Sunday, January 02, 2005

2004 Favourites

Given the tragic events in this part of the world I hesitated before posting this review of personal favourites from the old year. But the list was compiled a little while ago and I thought it should get an airing.

Favourite CD
Keith Jarrett, Gary Peacock and Jack DeJohnette, The Out-Of-Towners (2004). The estimable piano trio at the top of their form. The new album mixes standards with Jarrett originals, and the concluding track "It's All In The Game" is simply delicious.

Favourite Gig
Jun Cadiz Trio at Silungan, Manila. I missed 2004's North Sea Jazz Festival for the first time in a while and Kuala Lumpur is not exactly a hotbed of live jazz. So this is a very personal choice - a tribute to the infectious musicianship of three stalwarts of the lively Philippine jazz scene performing in a favourite venue.

Favourite Theatre Performance
"Ramakian" at the Joe Louis Puppet Theatre, Bangkok. An enthralling performance by puppeteers of a Thai version of the Indian epic, Ramayana, full of stunning choreography and witty characterisation.

Favourite Exhibition
"Picasso: War And Peace" at the Museu Picasso, Barcelona. A magnificent tribute to Picasso's lifelong engagement with the horrors of war. The centrepiece was a room devoted to the making of Guernica. But Picasso's paintings from the second world war are equally moving.

Favourite Museum
Museum Of Musical Instruments, Brussels. Housed in one of Brussels's lovely art deco buildings this unqiue museum not only exhibits musical instruments from round the world but also allows visitors to listen to hundreds of musical extracts through infra-red headphones. Great view from the roof cafe.

Favourite Film
I saw a lot of films this year but none was better than the re-issue of Gillo Pontecorvo's The Battle Of Algiers (1965).
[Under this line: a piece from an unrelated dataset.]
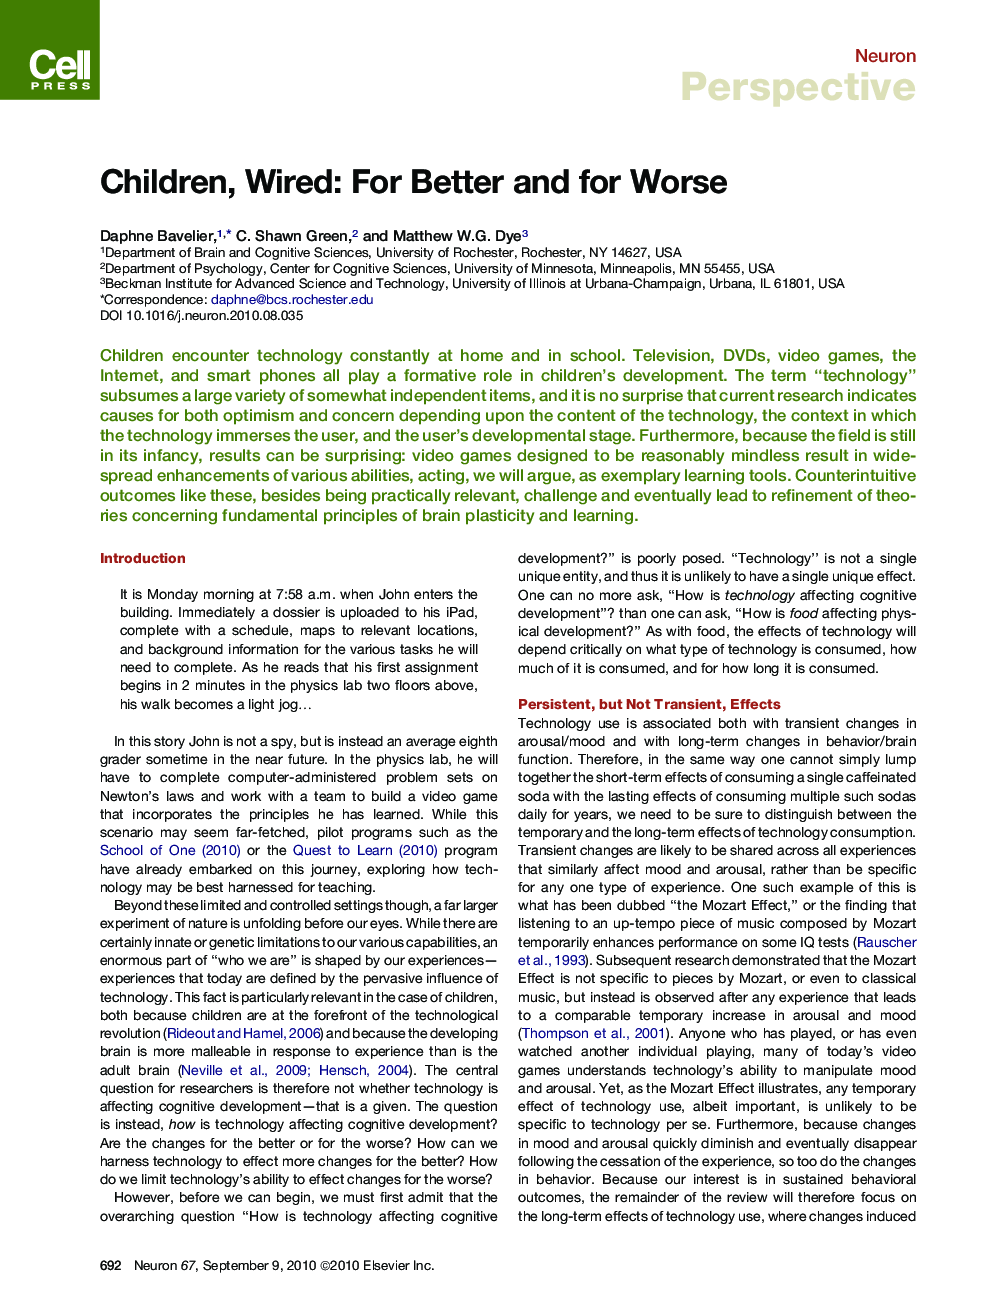 Children, Wired: For Better and for Worse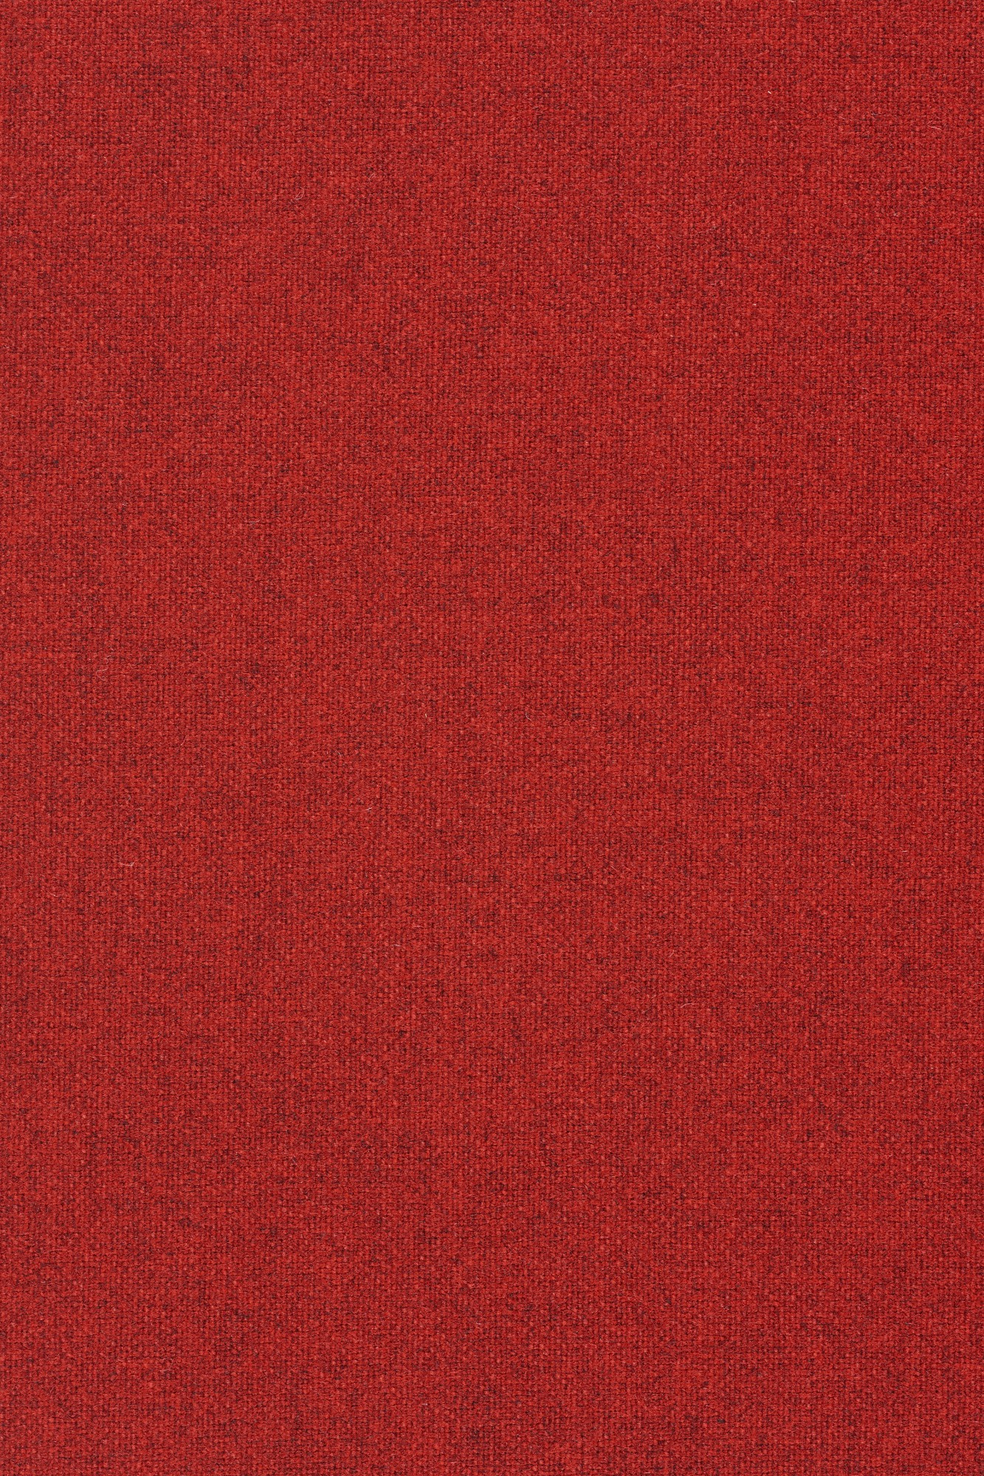 Fabric sample Tonica 2 611 red

Both in terms of cinematic technique and language, as well as the moral questions he poses about war and resistance, nothing has surpassed Pontecorvo's unalloyed masterpiece.

Favourite Novels
A year of re-reading as well as catching up. In the first category there was William Faulkner's As I Lay Dying. No other modernist work better captures the tensions between isolation (the interior monologues of each of the characters) and mutual identity. I also read each of Philip Roth's masterful trilogy of American history, life and politics - the so-called Zuckerman books. I most enjoyed American Pastoral (1998), his epic account of the inter-generational clash spawned by the political turbulence of the late 1960s and 1970s. This is how Roth himself puts it: "
History is a very sudden thing ... I'm talking about the historical fire at the centre and how the smoke from that fire reaches into your house".

Favourite Poetry
Electric Light by Seamus Heaney (2002). Another great collection from a poet at the height of his powers - it
uses images of air, light and water and reflects of how different elements meet or mingle or come into conflict. Heaney has written on the making of the collection here.

Favourite Non-Fiction
After a break I went back to reading Southeast Asian history. There was nothing better than Victor Lieberman's Strange Parallels: Southeast Asia in Global Context, c. 800-1830 (2003). It's a really fascinating and original study of the longue dur
ée Eurasian connections which should set the terms of historiographical debate for the next decade. A second volume is promised.